The Board improved the handling of harvested crops by providing the following facilities; weighing balance, tarpaulins for drying, maize shelter, pallets, moisture meters.

e. Weed control and Pest control.

The NIB has continued to sensitize farmers on need to use chemicals in controlling of weeds and armyworms in their fields in order to realize high yields. Since the introduction of these modern agricultural practices, most farmers are able to be in production throughout the year.

f. Capacity Building.

For the farmers to realize high crop yields through proper crop husbandry management practices, NIB carried out sensitization and capacity building through the following ways;

  1. Opening of demonstration plots/ model farm.
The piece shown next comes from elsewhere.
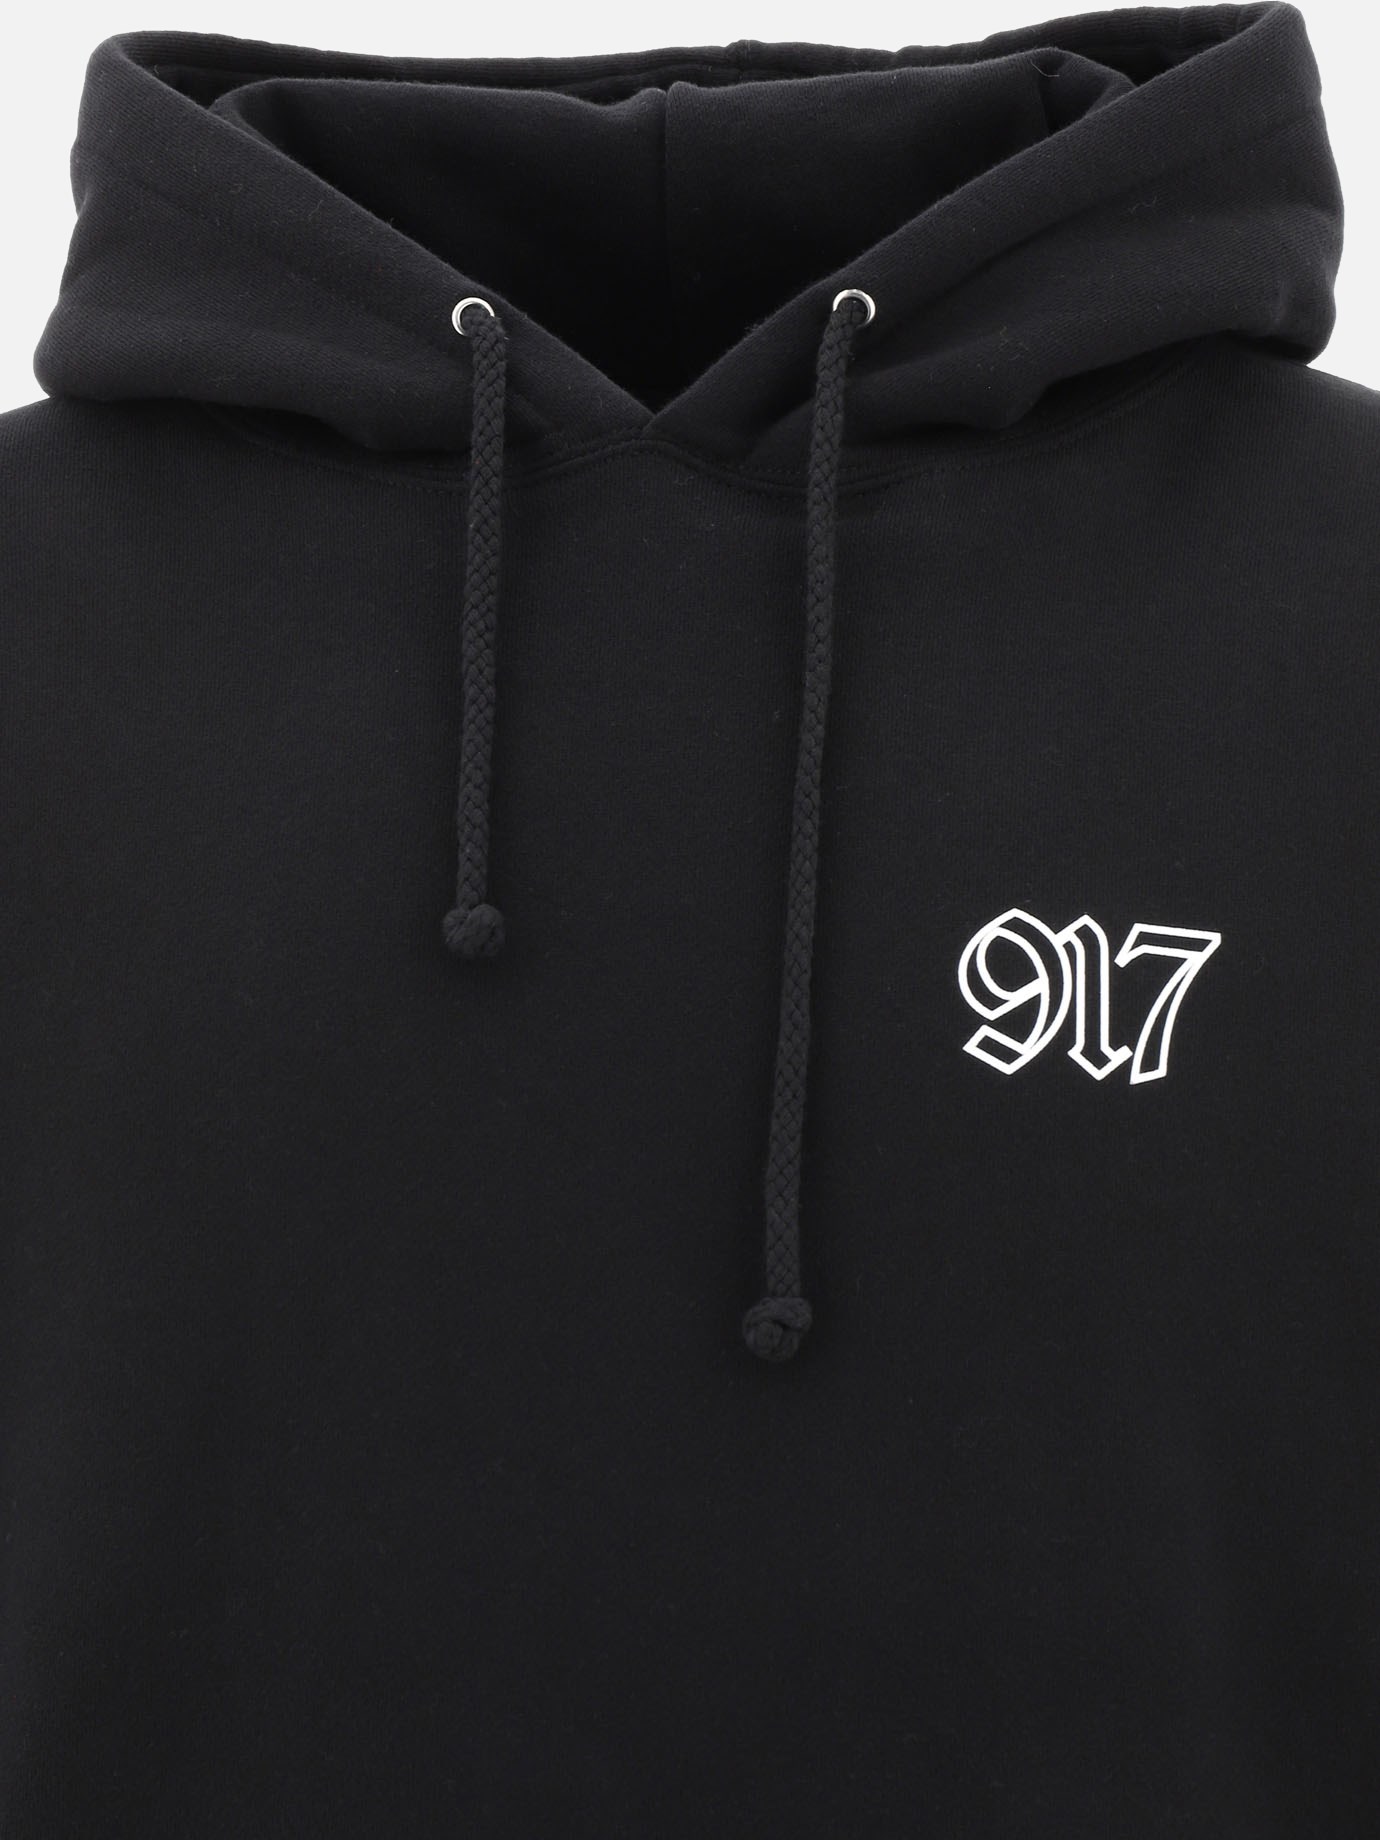  917 Web  hoodie by Call Me 917

A plot of 3.5 acres was allocated to NIB by farmers to be used for research activities and demonstration to farmers on various crop husbandry practices.
  2. Training and tours-to improve the productivity in the scheme NIB has exposed the scheme farmers to other irrigation schemes in Kenya through tours. Further NIB has trained 1500 farmers through in door as well as quarterly Field Days.
  3. Registration of farmers’ Self-Help Groups- in 2012, NIB organized the registration of 41 Self-Help Groups at Social Services Department in Lodwar. The farmers were introduced to Equity bank in Lodwar where all the group and famers opened their group accounts and personal accounts respectively.